Performance Estimate

Tokens/sec ~90.0
Batch size 9
Context 8192K

info Technical Analysis

The NVIDIA H100 SXM, with its substantial 80GB of HBM3 memory, is exceptionally well-suited for running large language models like Gemma 2 27B. The model's 27 billion parameters, when quantized to INT8, require approximately 27GB of VRAM. This leaves a significant 53GB of headroom on the H100, allowing for larger batch sizes, longer context lengths, and potentially the concurrent deployment of other models or tasks. The H100's impressive 3.35 TB/s memory bandwidth ensures that data can be rapidly transferred between the GPU and memory, minimizing bottlenecks during inference.

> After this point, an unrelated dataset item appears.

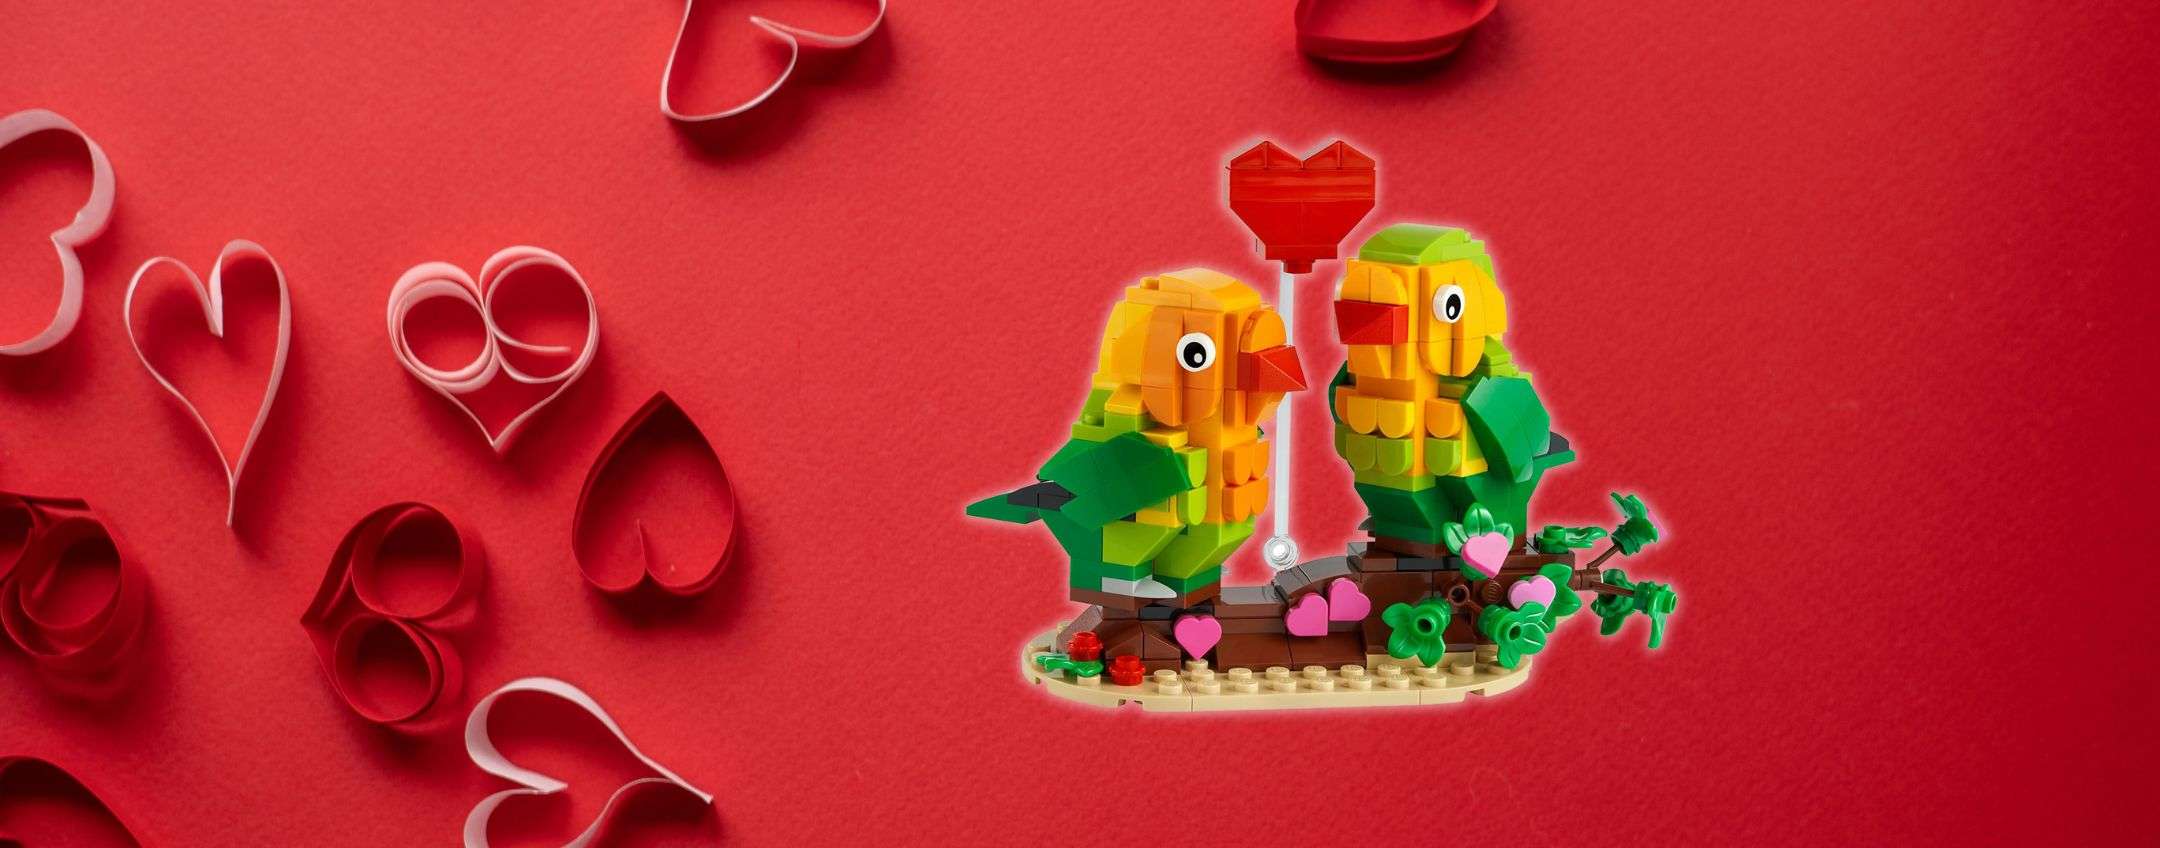 San Valentino è già arrivato con questo romantico set LEGO in offerta (-27%)

Furthermore, the H100's Hopper architecture, with its 16896 CUDA cores and 528 Tensor Cores, is optimized for AI workloads. The Tensor Cores are specifically designed to accelerate matrix multiplications, which are fundamental to deep learning operations. This, combined with the high memory bandwidth, contributes to the expected performance of around 90 tokens per second. The INT8 quantization further enhances performance by reducing memory footprint and computational demands without significant loss of accuracy.

lightbulb Recommendation

Given the ample VRAM headroom, users can experiment with larger batch sizes to maximize throughput. Starting with a batch size of 9 is a good baseline, but increasing it further, while monitoring GPU utilization and latency, can lead to better performance. Consider using a high-performance inference framework like vLLM or NVIDIA's TensorRT to further optimize the model execution. These frameworks often incorporate techniques such as kernel fusion and graph optimization to minimize overhead and maximize GPU utilization.

While INT8 quantization provides a good balance between performance and accuracy, users can also explore FP16 or BF16 precision if higher accuracy is required and VRAM usage remains within acceptable limits. However, be mindful of the potential performance trade-off. Also, ensure that the context length is set appropriately for the specific use case, as longer context lengths can increase VRAM usage and latency.

tune Recommended Settings

Batch_Size
9 (experiment with higher values)
Context_Length
8192 tokens (adjust as needed)
Other_Settings
['Enable CUDA graph capture for reduced latency', 'Optimize attention mechanisms for longer context lengths', 'Use asynchronous data loading to prevent CPU bottlenecks']
Inference_Framework
vLLM or TensorRT
Quantization_Suggested
INT8 (default)

help Frequently Asked Questions

Is Gemma 2 27B (27.00B) compatible with NVIDIA H100 SXM? expand_more
Yes, Gemma 2 27B is perfectly compatible with the NVIDIA H100 SXM.
What VRAM is needed for Gemma 2 27B (27.00B)? expand_more
Gemma 2 27B quantized to INT8 requires approximately 27GB of VRAM.
How fast will Gemma 2 27B (27.00B) run on NVIDIA H100 SXM? expand_more
You can expect Gemma 2 27B to run at approximately 90 tokens per second on the NVIDIA H100 SXM, depending on batch size and other settings.